## [EXERCISE DESCRIPTION]
Which lines come from the start of the listing through the line holding "El Salvador: Nice"? Restate exactly those, both included, minus the pictures.

## [THE DATA]
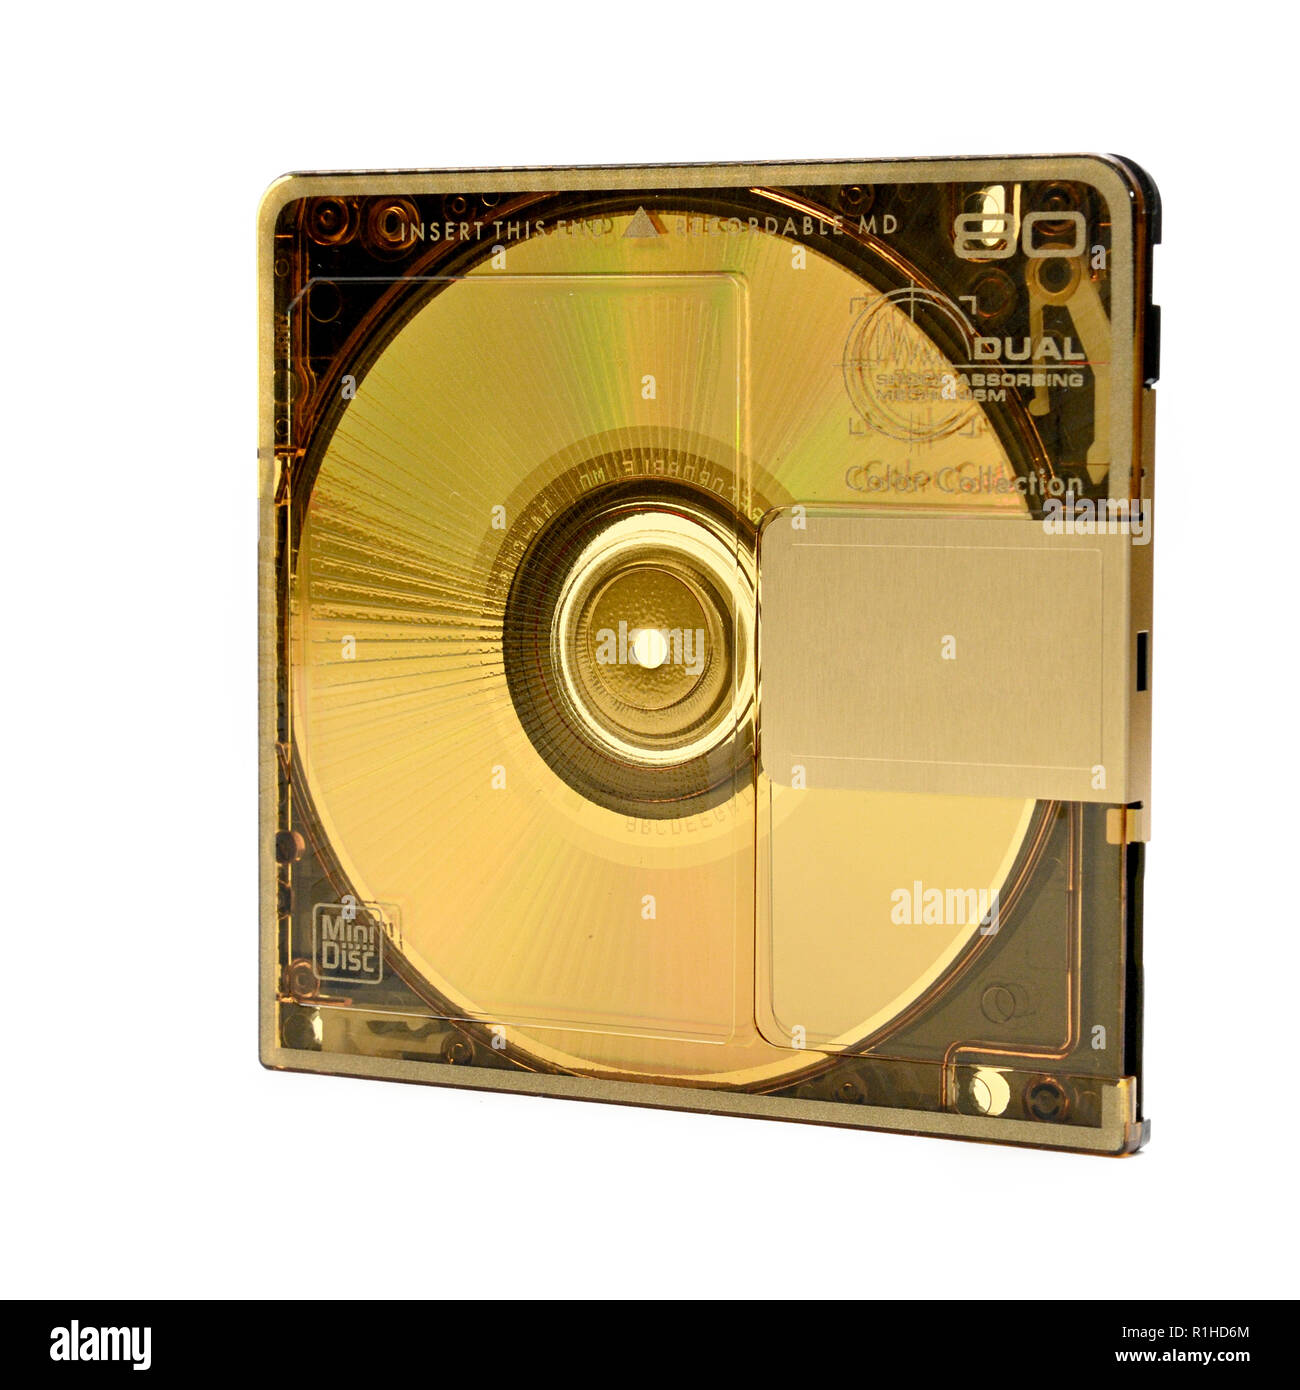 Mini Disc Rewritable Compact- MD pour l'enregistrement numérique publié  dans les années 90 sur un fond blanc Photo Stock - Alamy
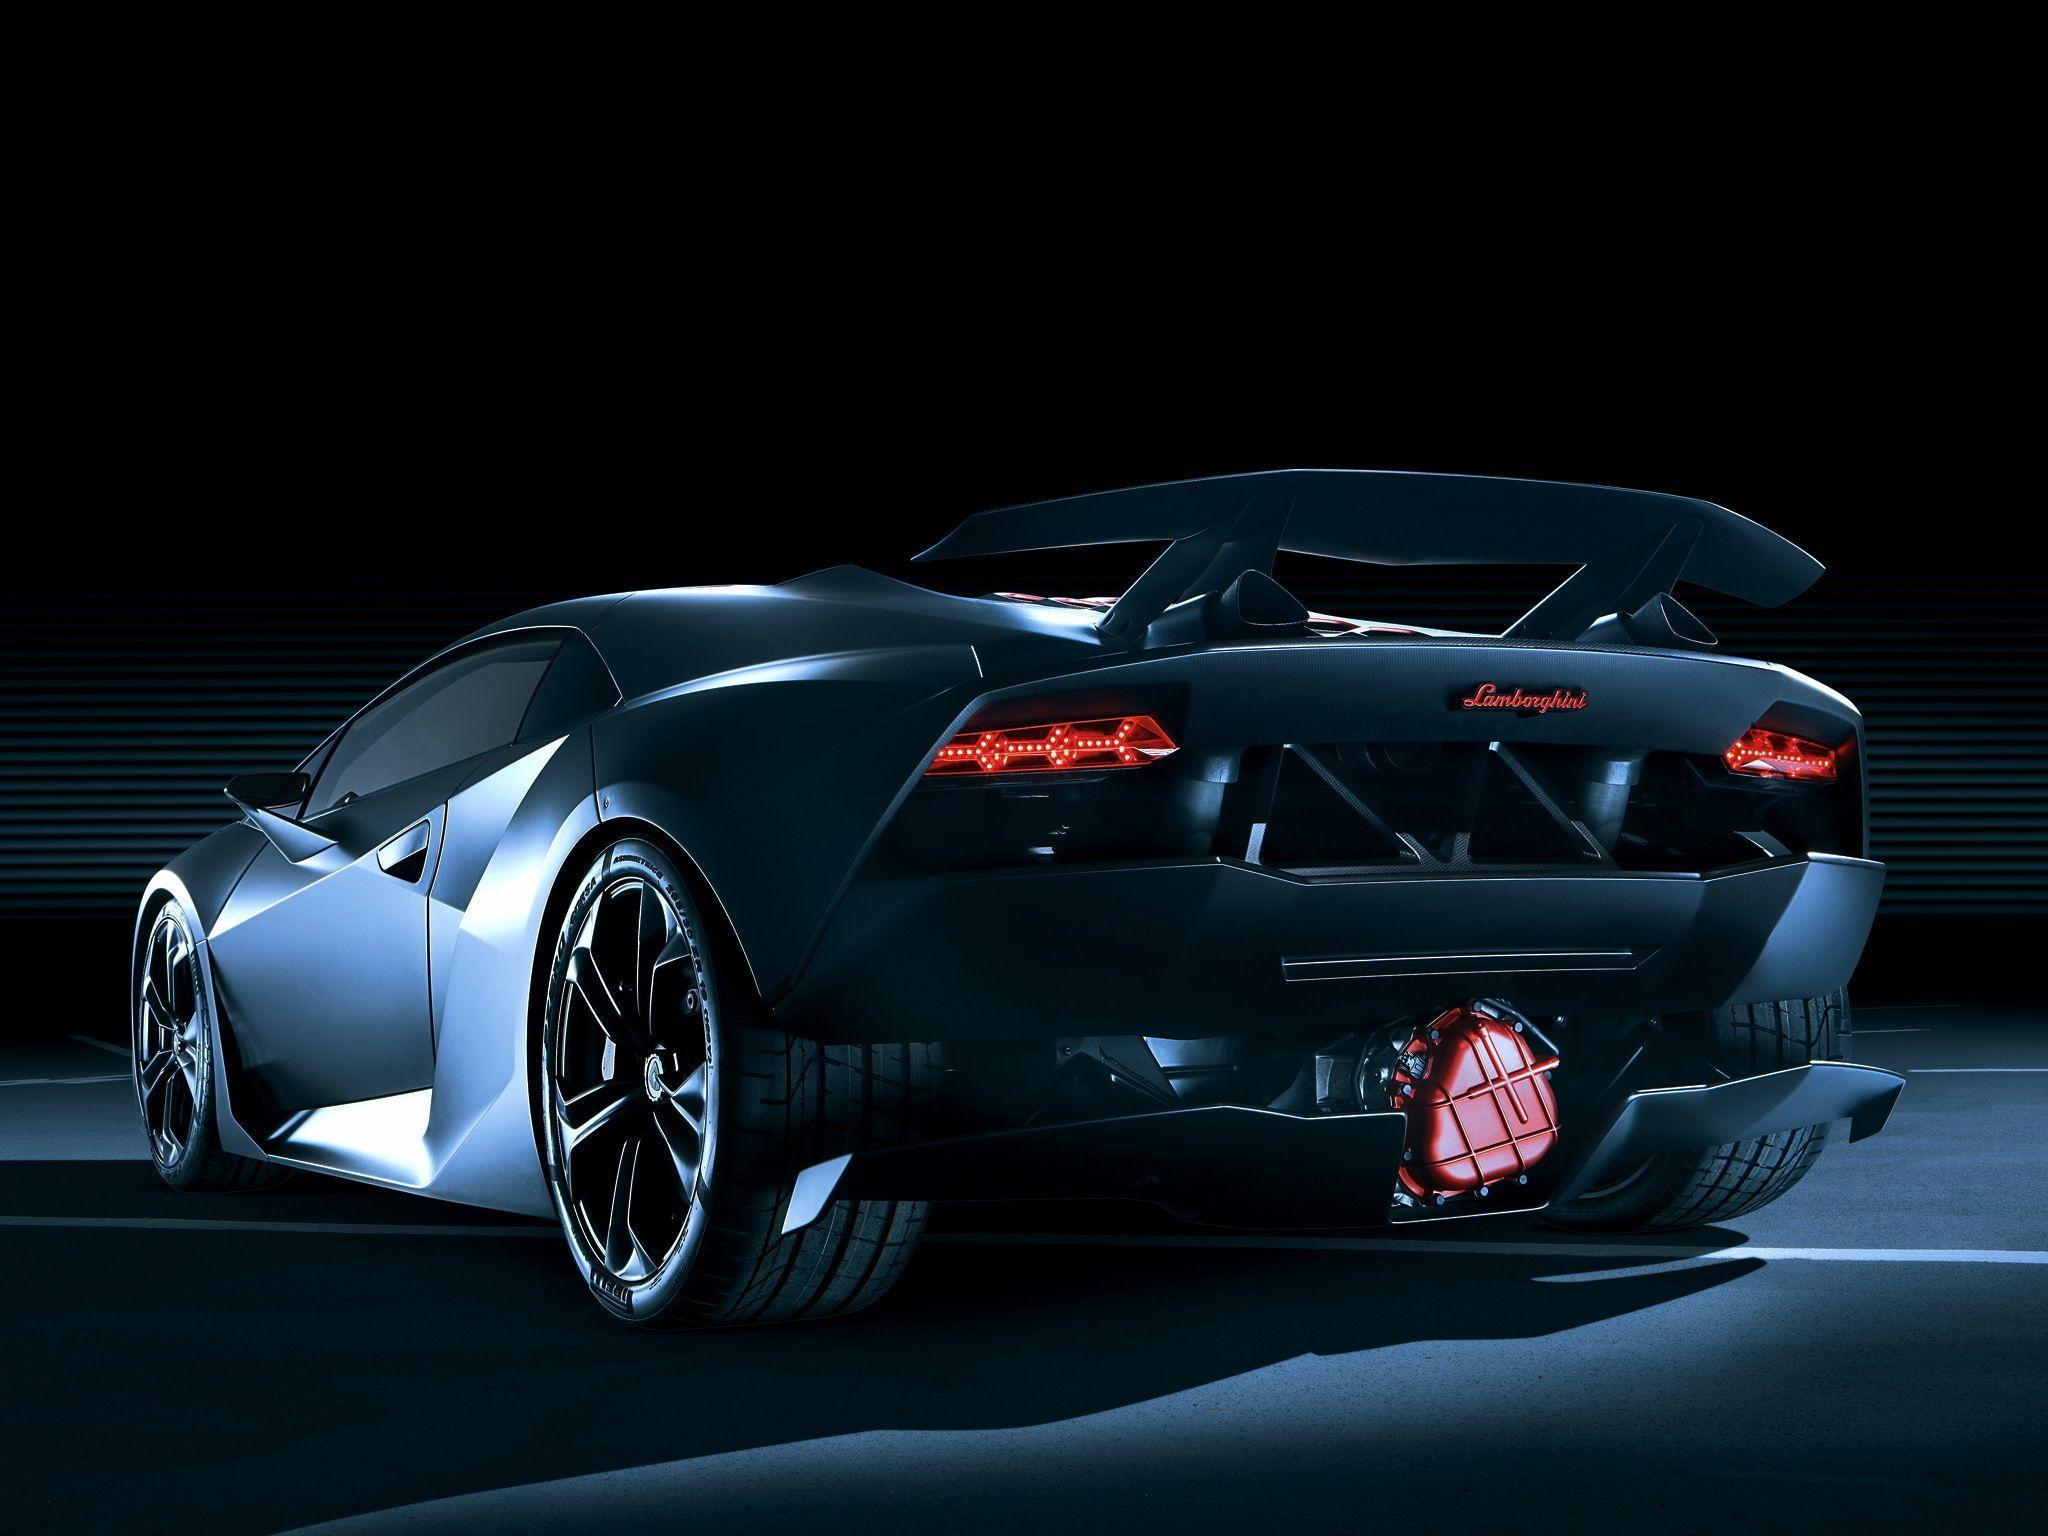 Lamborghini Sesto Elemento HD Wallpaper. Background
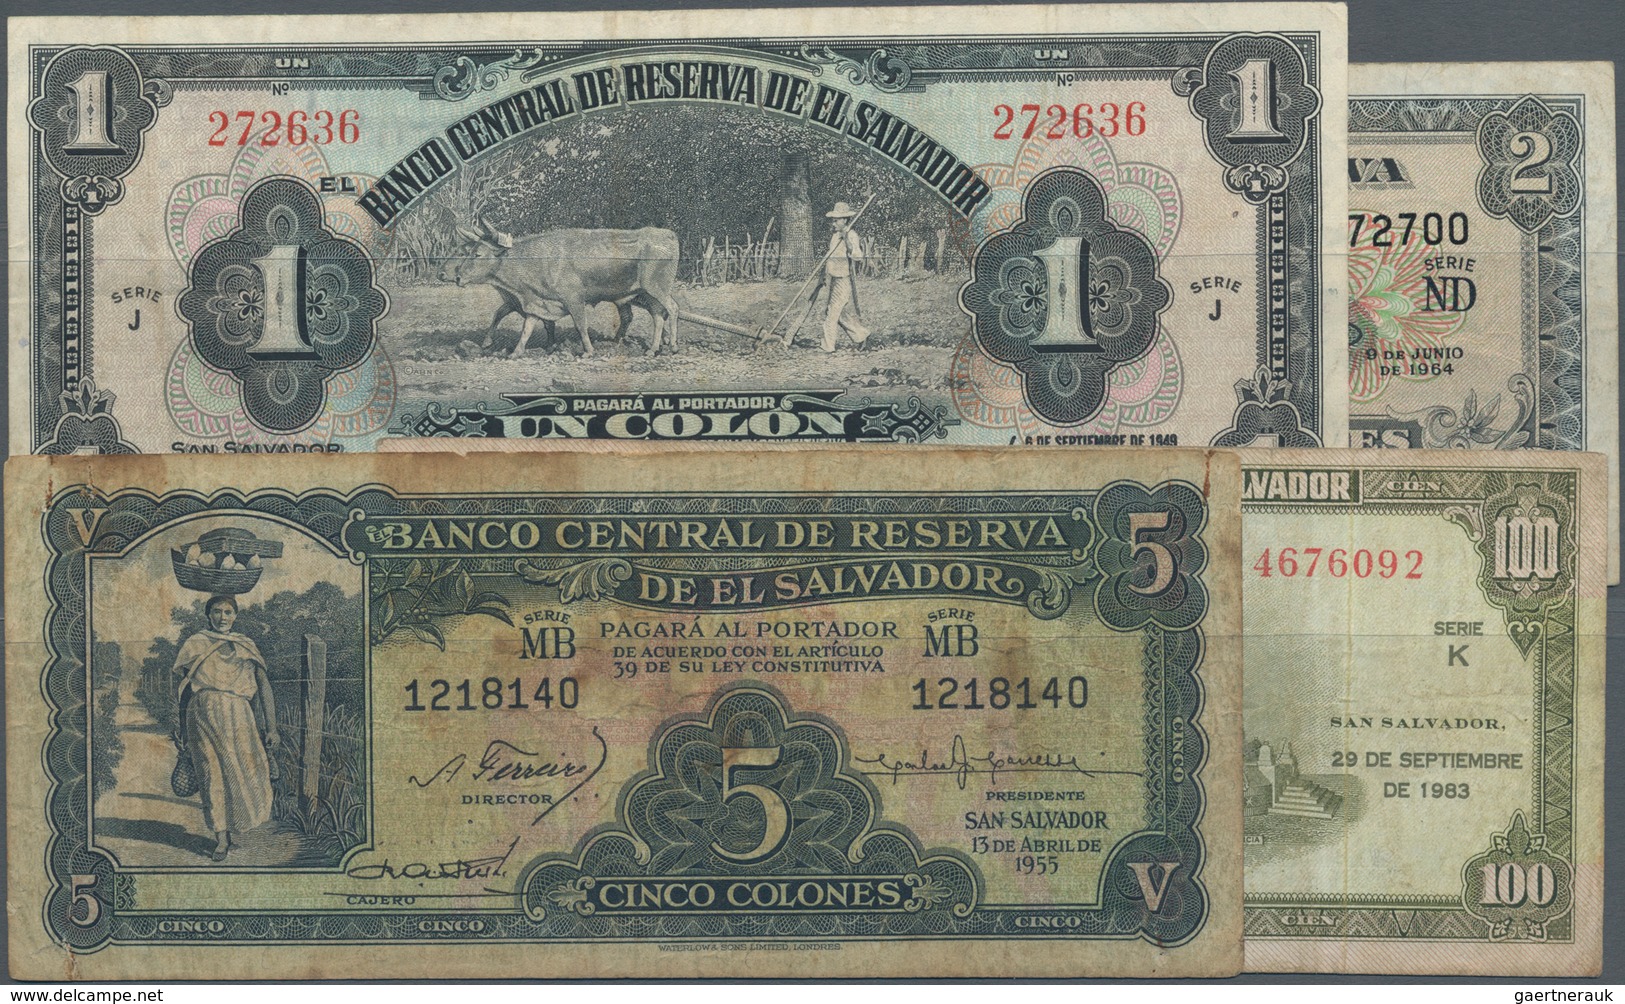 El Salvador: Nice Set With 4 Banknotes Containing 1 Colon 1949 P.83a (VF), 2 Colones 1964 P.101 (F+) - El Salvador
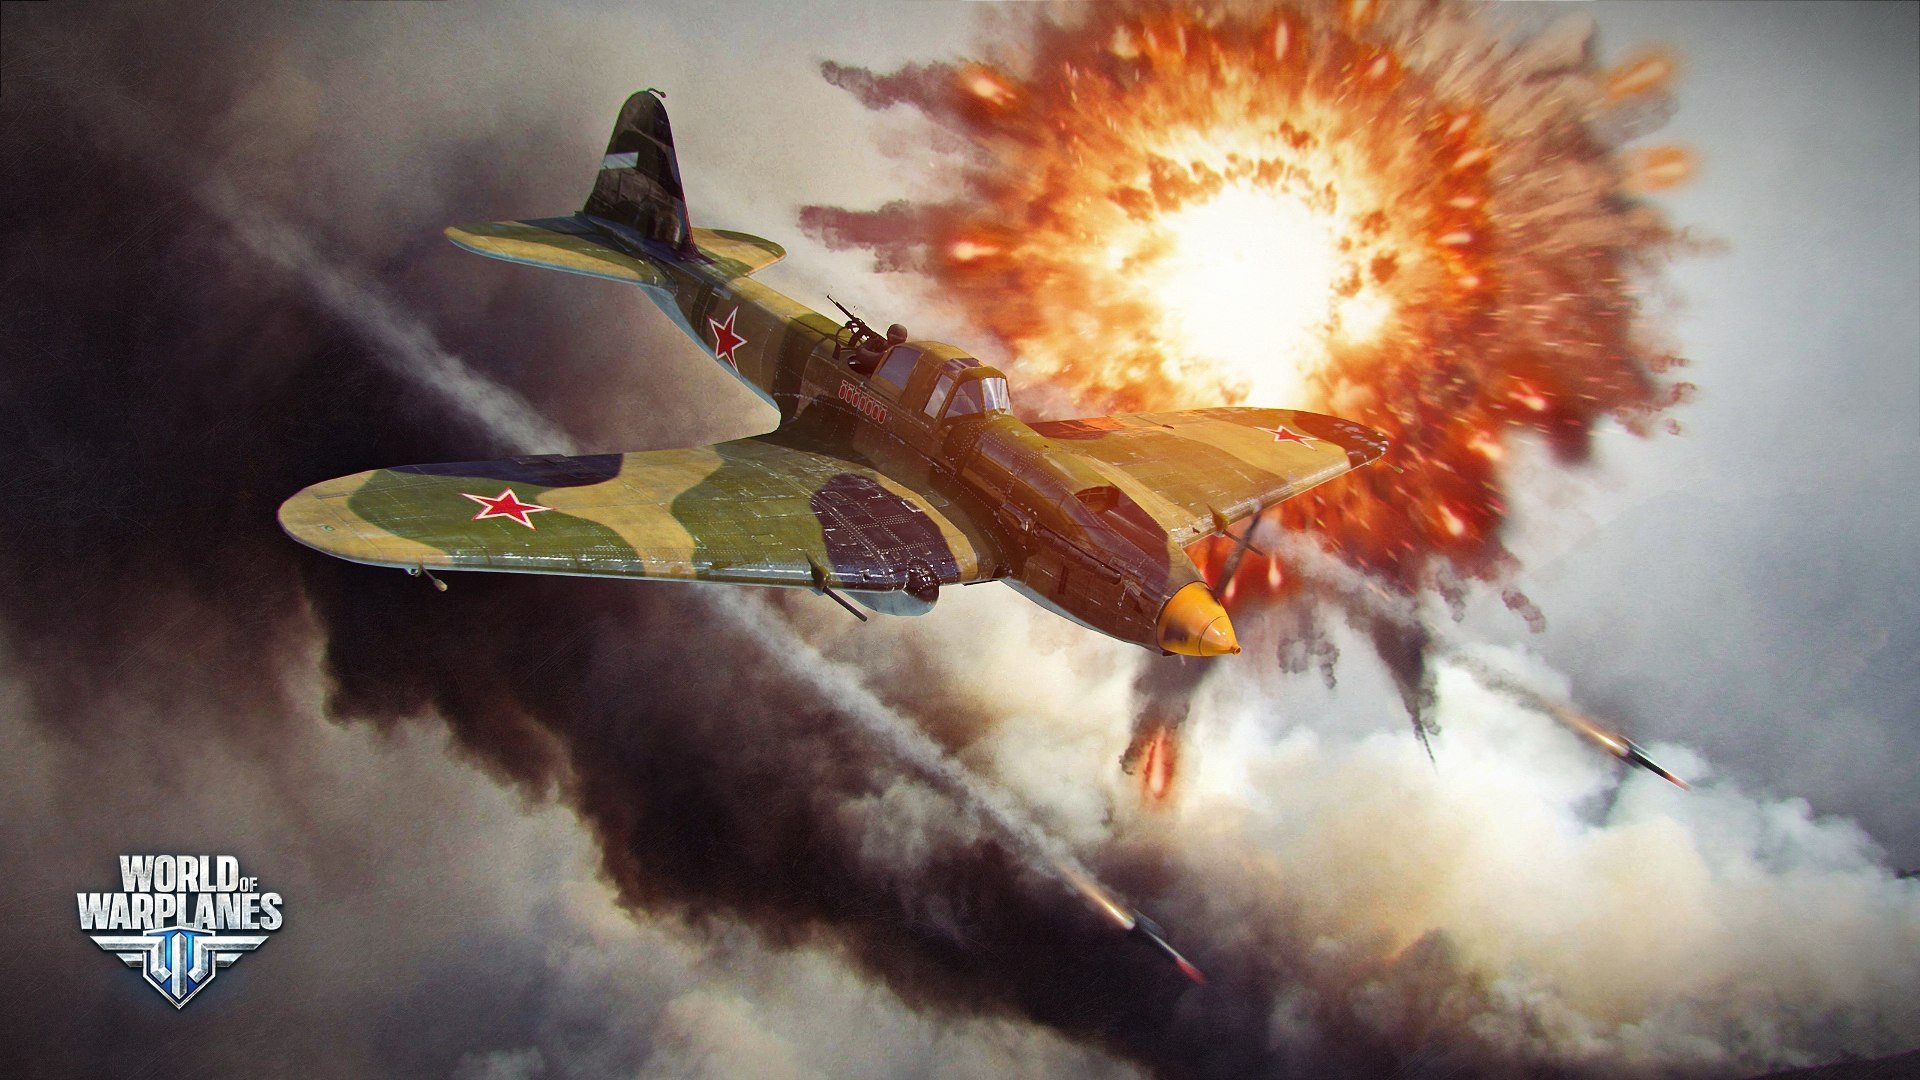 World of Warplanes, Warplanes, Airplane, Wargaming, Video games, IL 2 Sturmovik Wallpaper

## [WRITTEN SOLUTION]
 Mini Disc Rewritable Compact- MD pour l'enregistrement numérique publié  dans les années 90 sur un fond blanc Photo Stock - Alamy
 Lamborghini Sesto Elemento HD Wallpaper. Background
 El Salvador: Nice Set With 4 Banknotes Containing 1 Colon 1949 P.83a (VF), 2 Colones 1964 P.101 (F+) - El Salvador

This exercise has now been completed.